Work to be completed -
From the listing that follows, output everything exactly except the pictures.

Data -
>>

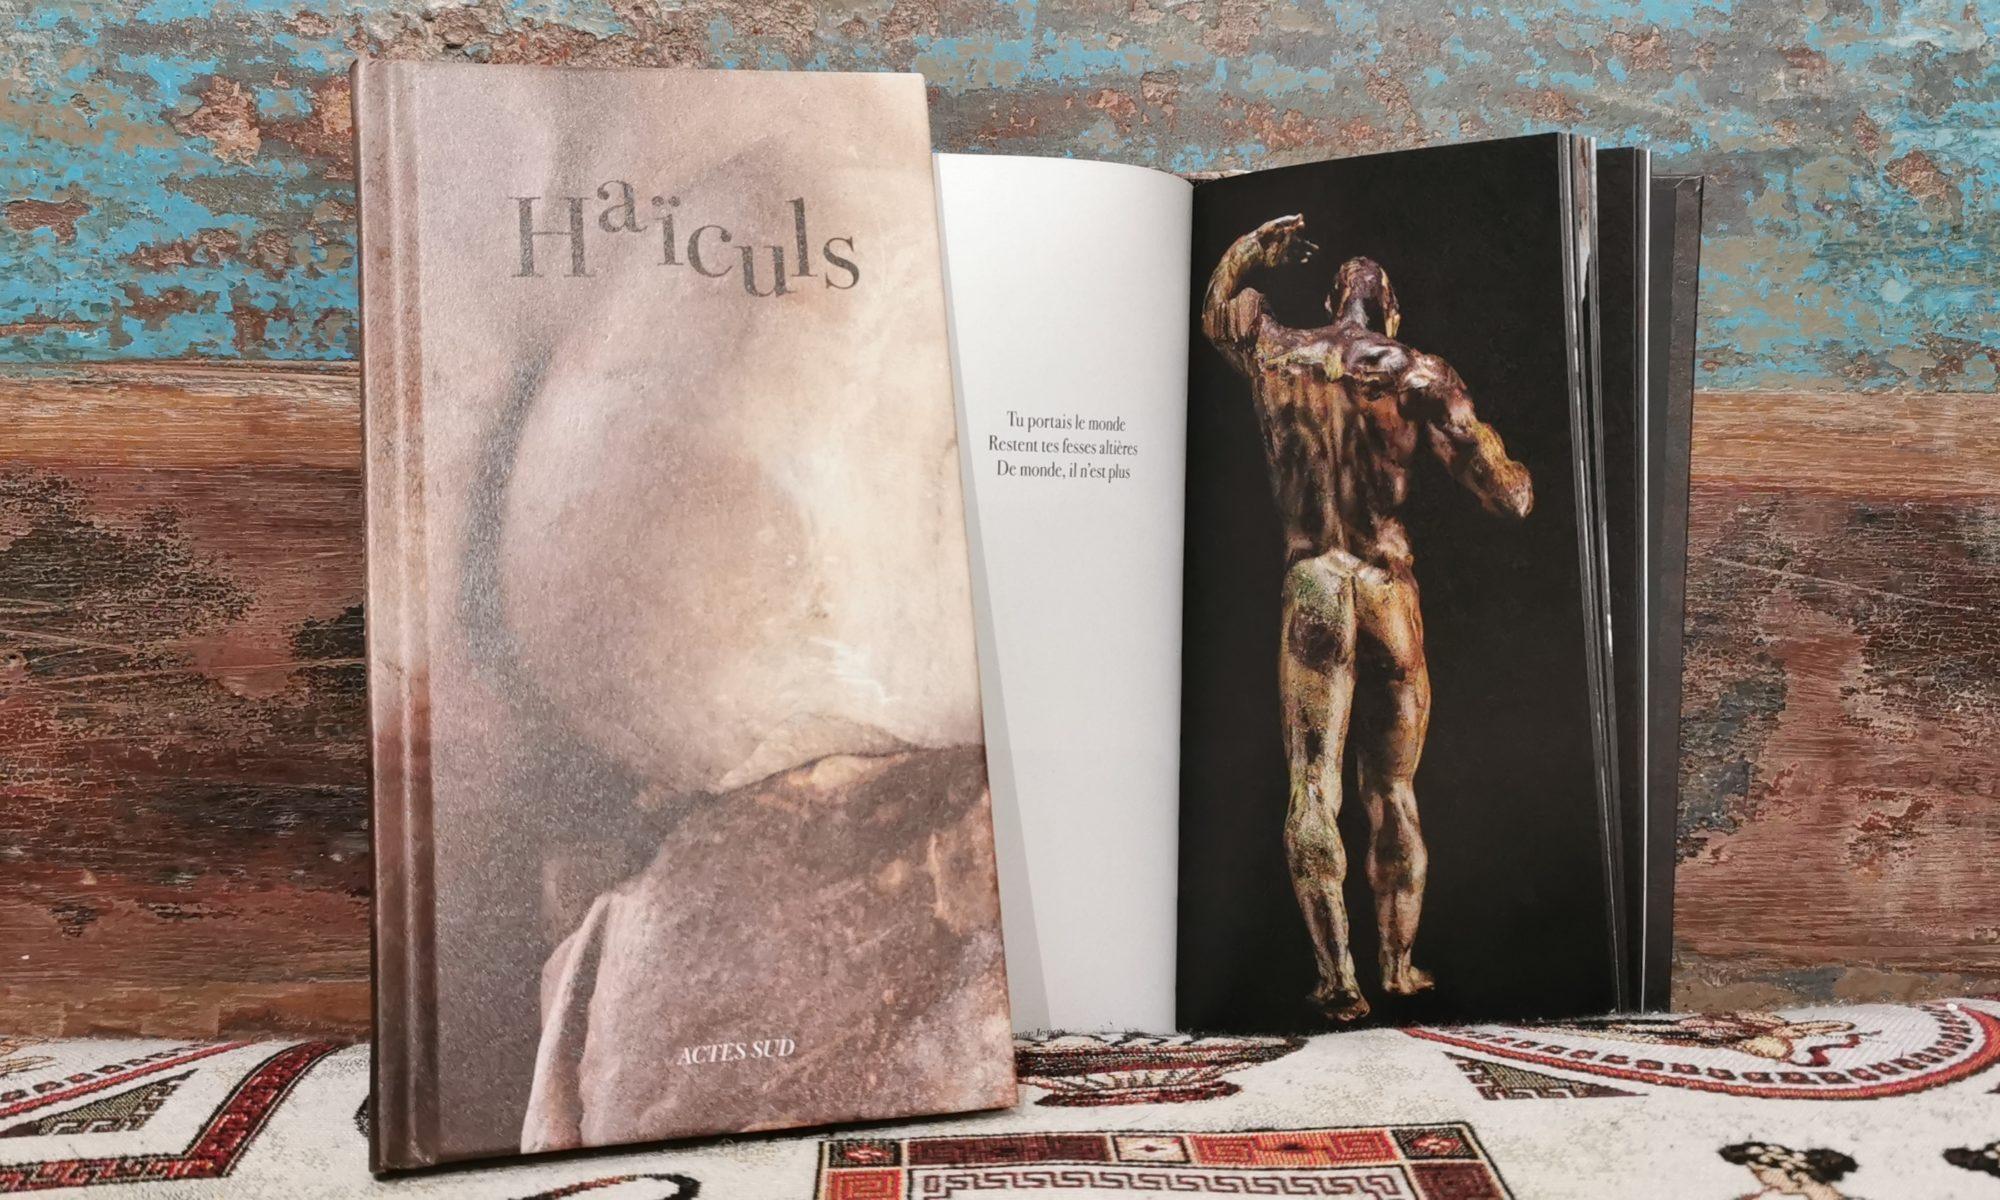 Haïculs lecture à Arles
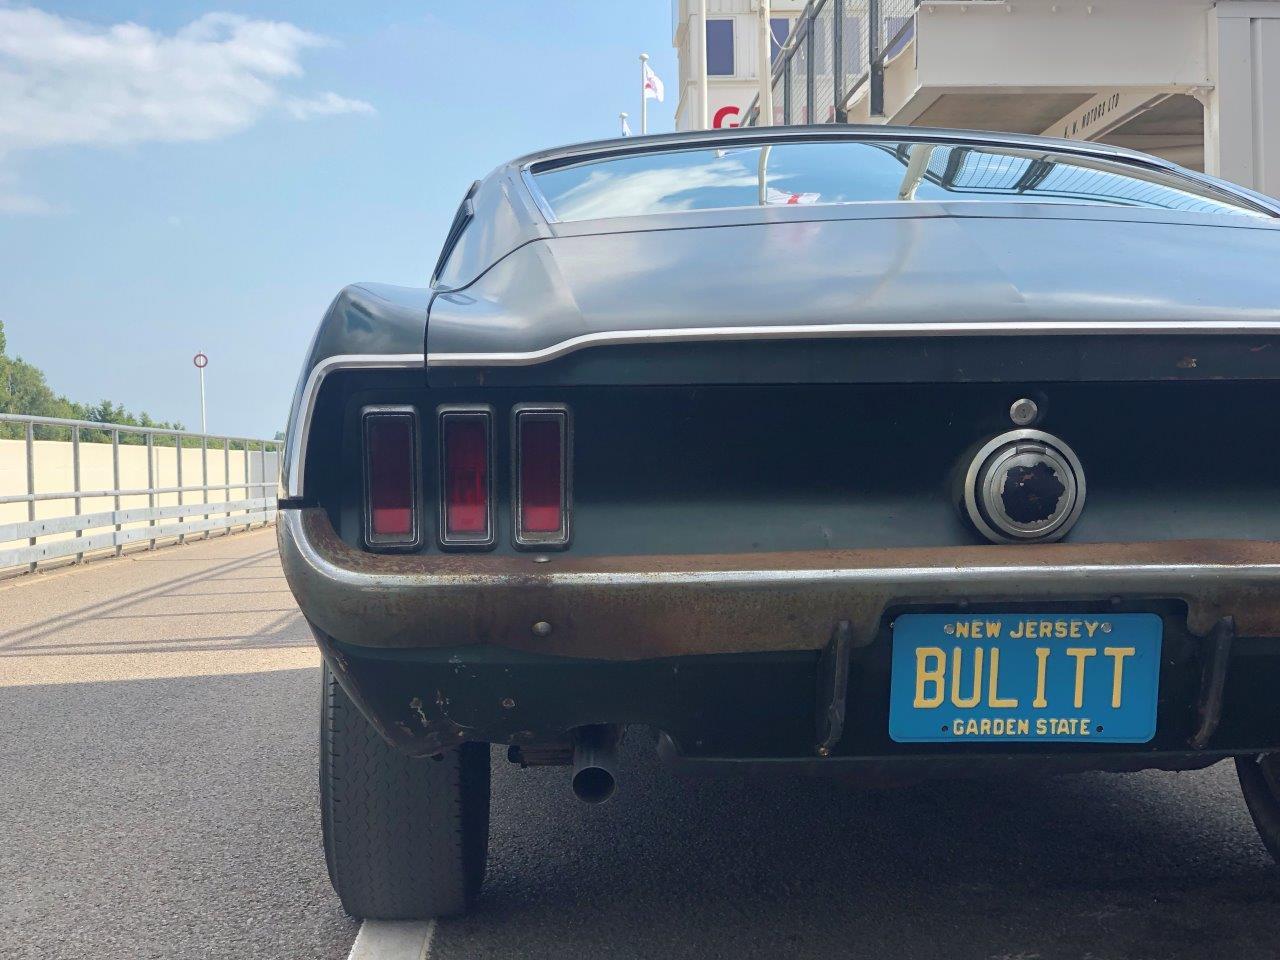 Bullitt car rear Bulitt
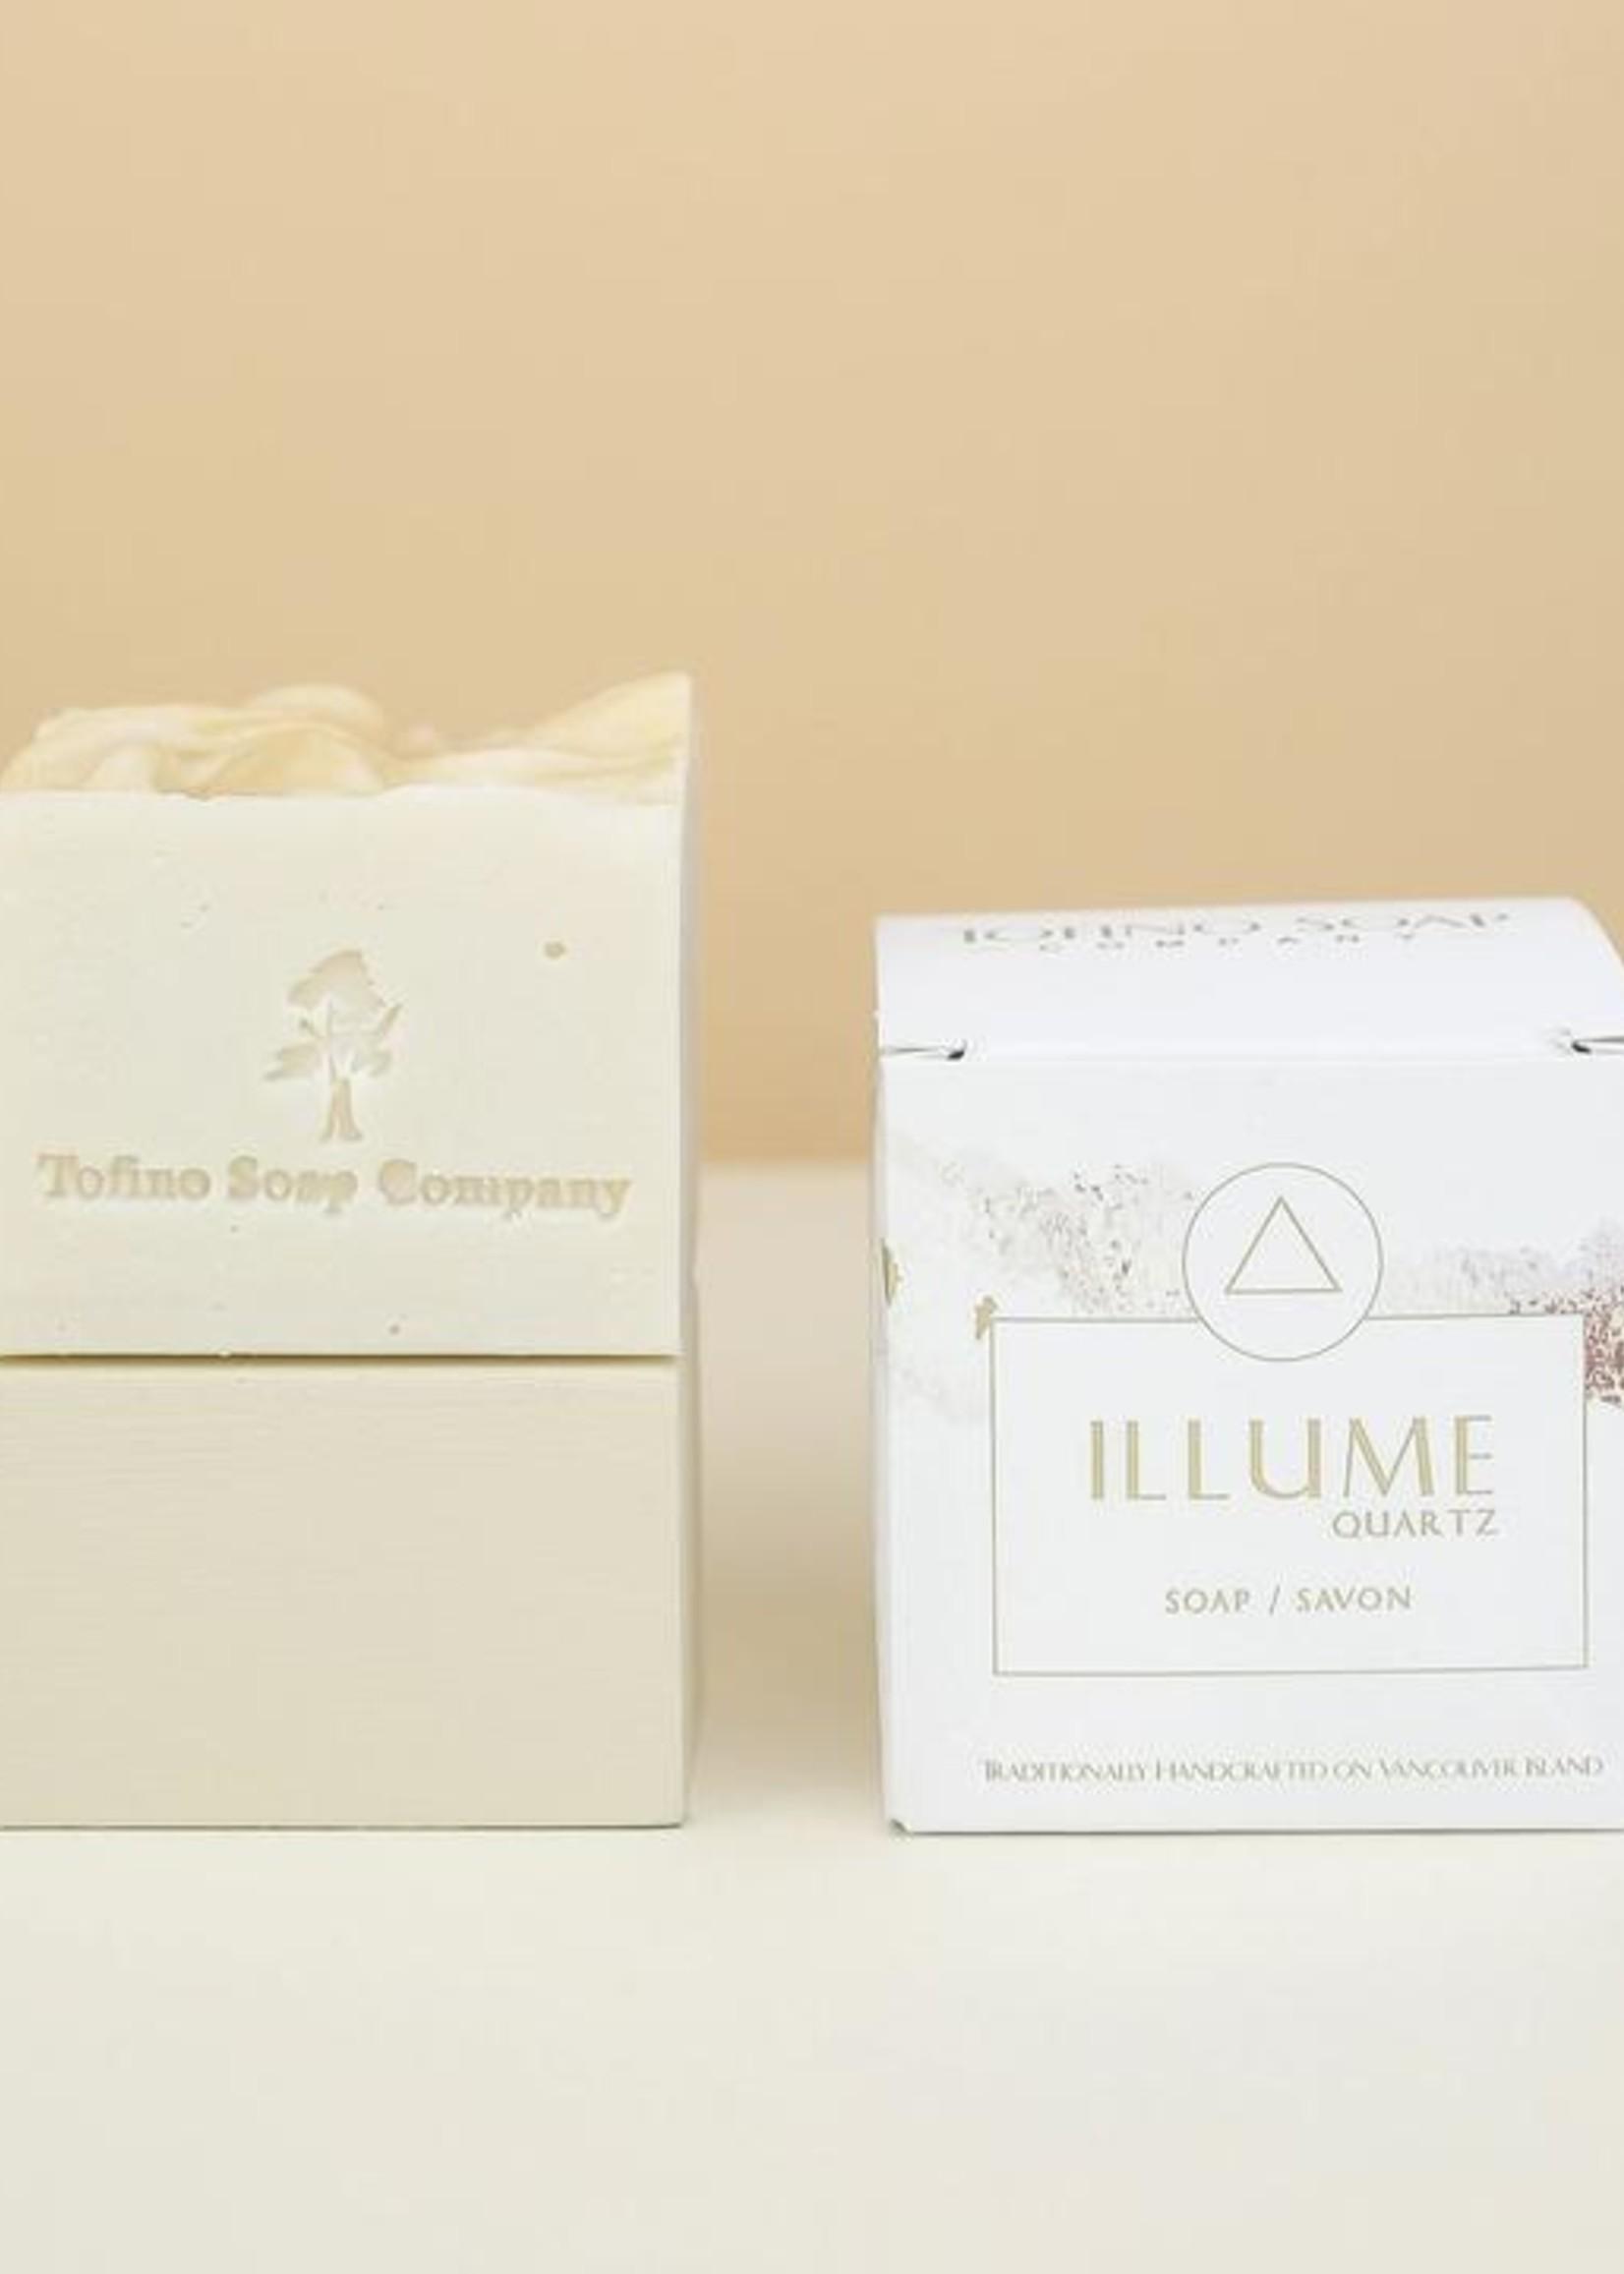 Tofino Soap Company Tofino Soap Company - Illume Soap

<<

Answer section -
 Haïculs lecture à Arles
 Bullitt car rear Bulitt
 Tofino Soap Company Tofino Soap Company - Illume Soap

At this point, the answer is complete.